Да простят нам анекдотичность и соленость этого сравнения, но как иначе можно говорить о людях, которые позволили простому слову - печать, слову, в котором несколько звуков и запах сургуча, стать самой большой загадкой, воплотиться увечьями физическими, и ранами душевными, в то время как...
Но, впрочем, все по порядку. Если бы мы просто хотели посмеяться над теми, у кого внутри головы синий мох, если бы все наши соображения исчерпывались бы только констатацией факта отсутствия тождества между объектом, и его определением, не стоило бы тревожить ум читателя, который в данный момент, как нам видится, должен презрительно хмыкнуть: "Эка невидаль", и, бросив данный трактат, отправится на поиски более осязаемой мудрости, например той, что таится в запахе волос незнакомки, или в утреннем крике петуха. Итак, мы бы не рискнули задерживать внимание столь уважаемого нами читателя, если бы нам действительно нечего было бы больше добавить к сказанному выше.
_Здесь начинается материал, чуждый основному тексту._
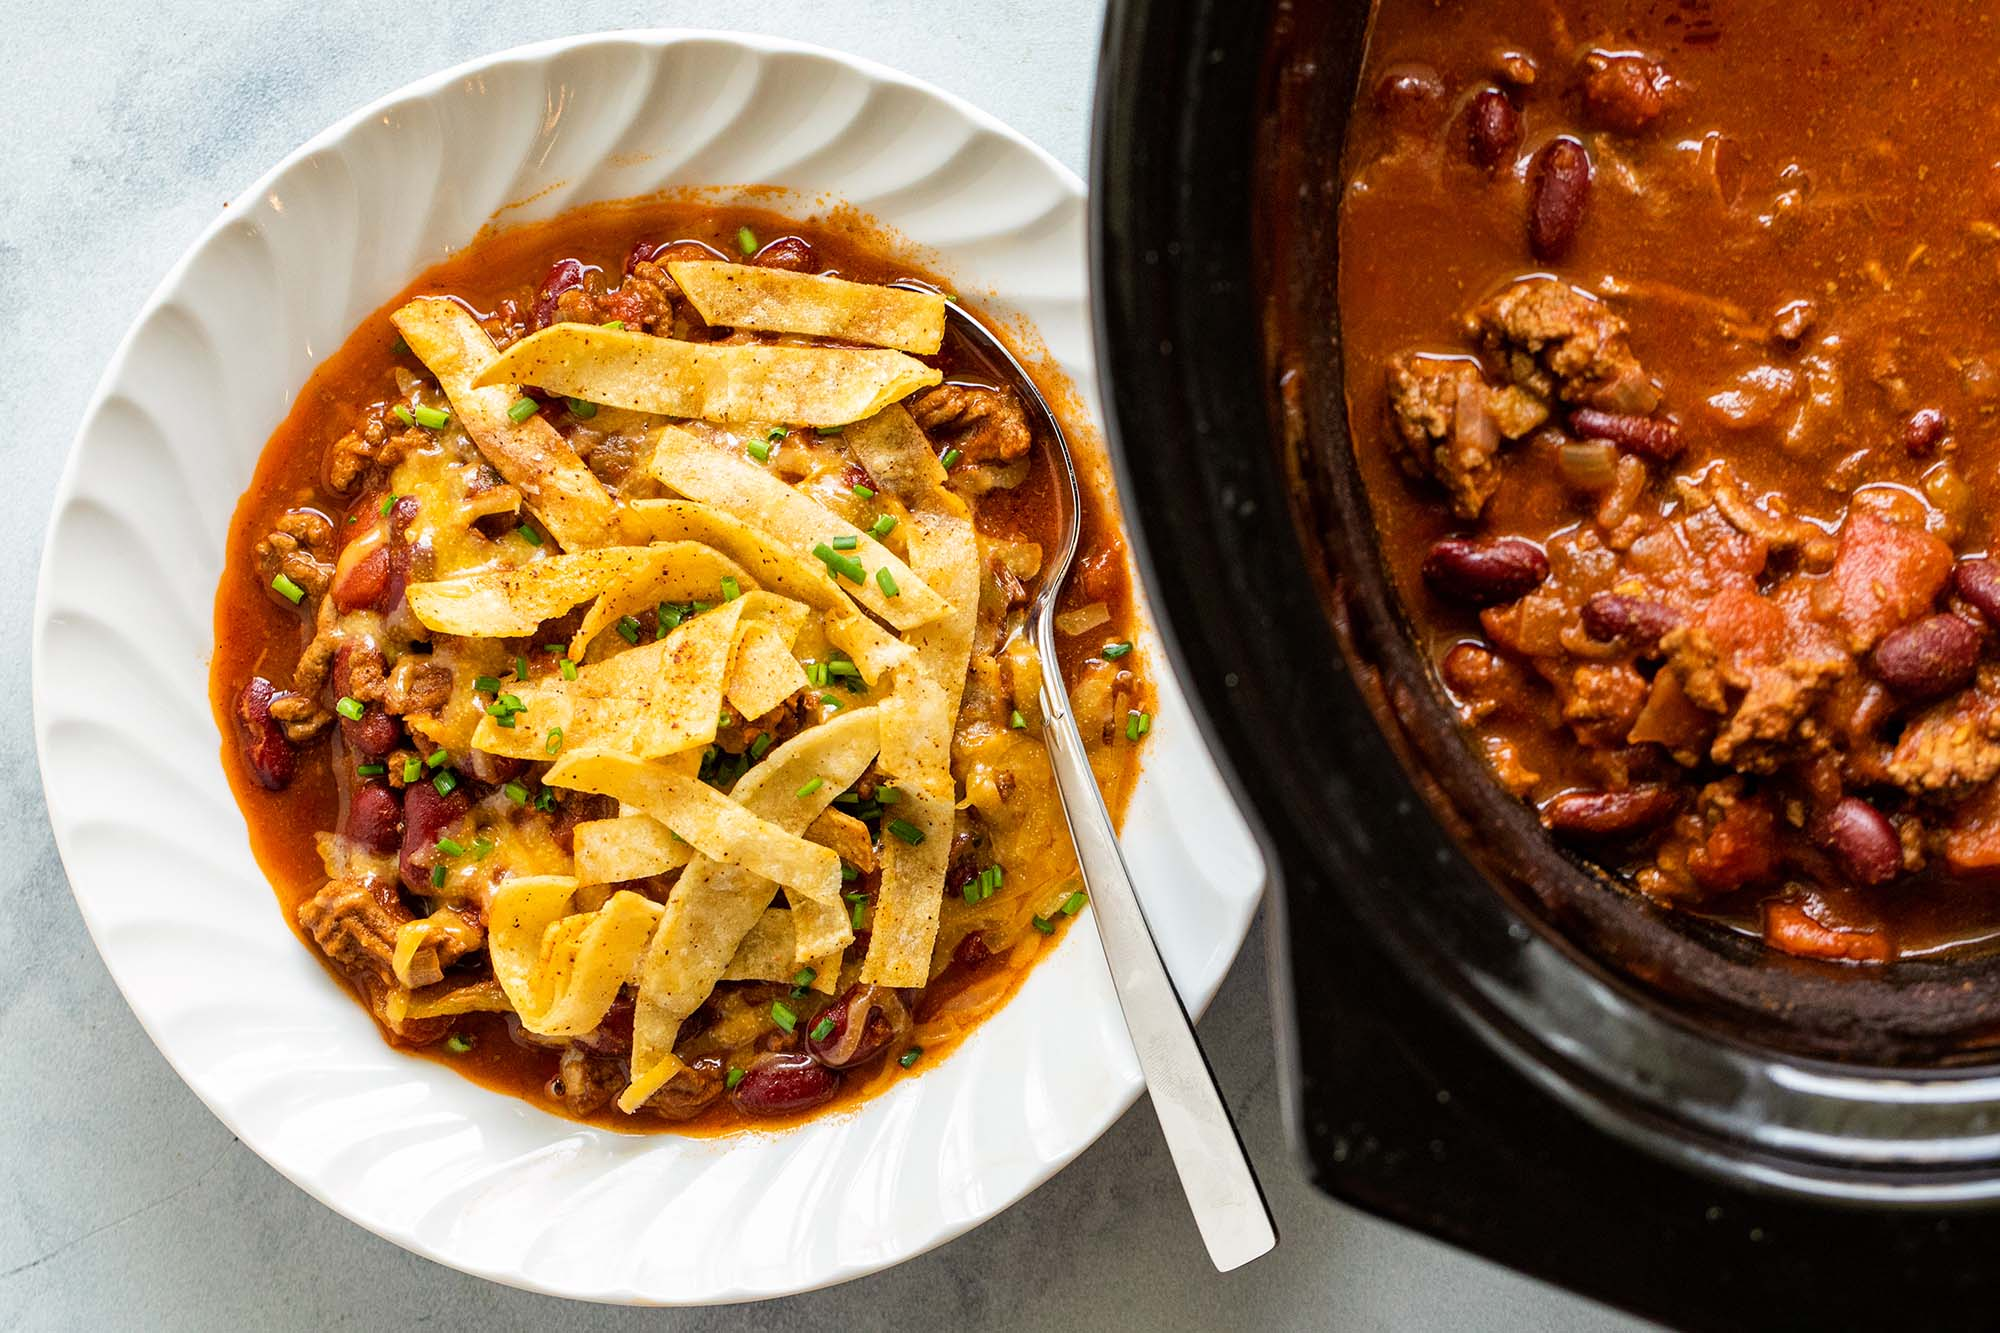 Easy Slow Cooker Beef and Bean Chili, покрытые жареными ножками из тортильи в белой миске. Мультиварка находится справа от миски.
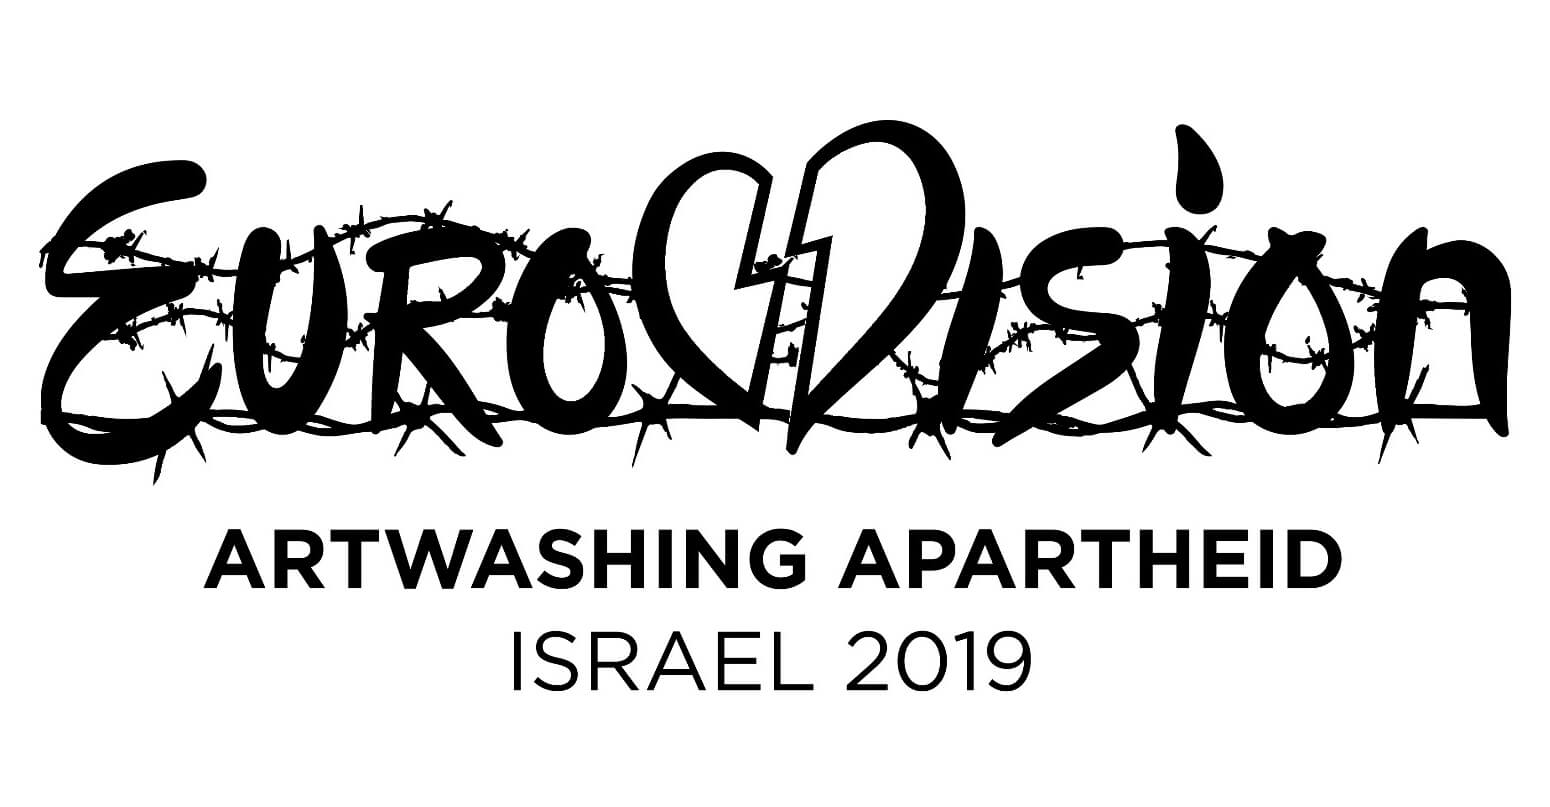 Eurovision Artwashing Apartheid

Мы можем даже предположить, что, хотя печать и мир вещи не тождественные, и близкие не более чем слово пастила, и костоеда, дробящая наши зубы, божественная воля Фареха на то и божественная воля, чтобы посмеявшись над нашей самонадеянностью, поставить этот знак, эти две тошнотворные черточки между всем и ничем. Пусть его! Оставим ему (на время) его иллюзорную всемогущественность, и услышим нестройный хор голосов Заметивших, кивающих головами, мол: "Ну вот, это же слово в слово наше учение. Да, все именно так, и у нас нет возможности разгадать эту загадку, поскольку Фарех ушел, а без него все не имеет смысла - ни мир, ни придуманные кем-то печати".
Итак, вот оно. Вот те силы, которые "движут" наш мир. С одной стороны, абсолютная беспочвенная самоуверенность Печати, с их стремлением свести все многообразие Вселенной до куцего символа, с другой - растерянность и нытье Заметивших, которые, сложив руки, просто сидят и ждут. Ждут чего?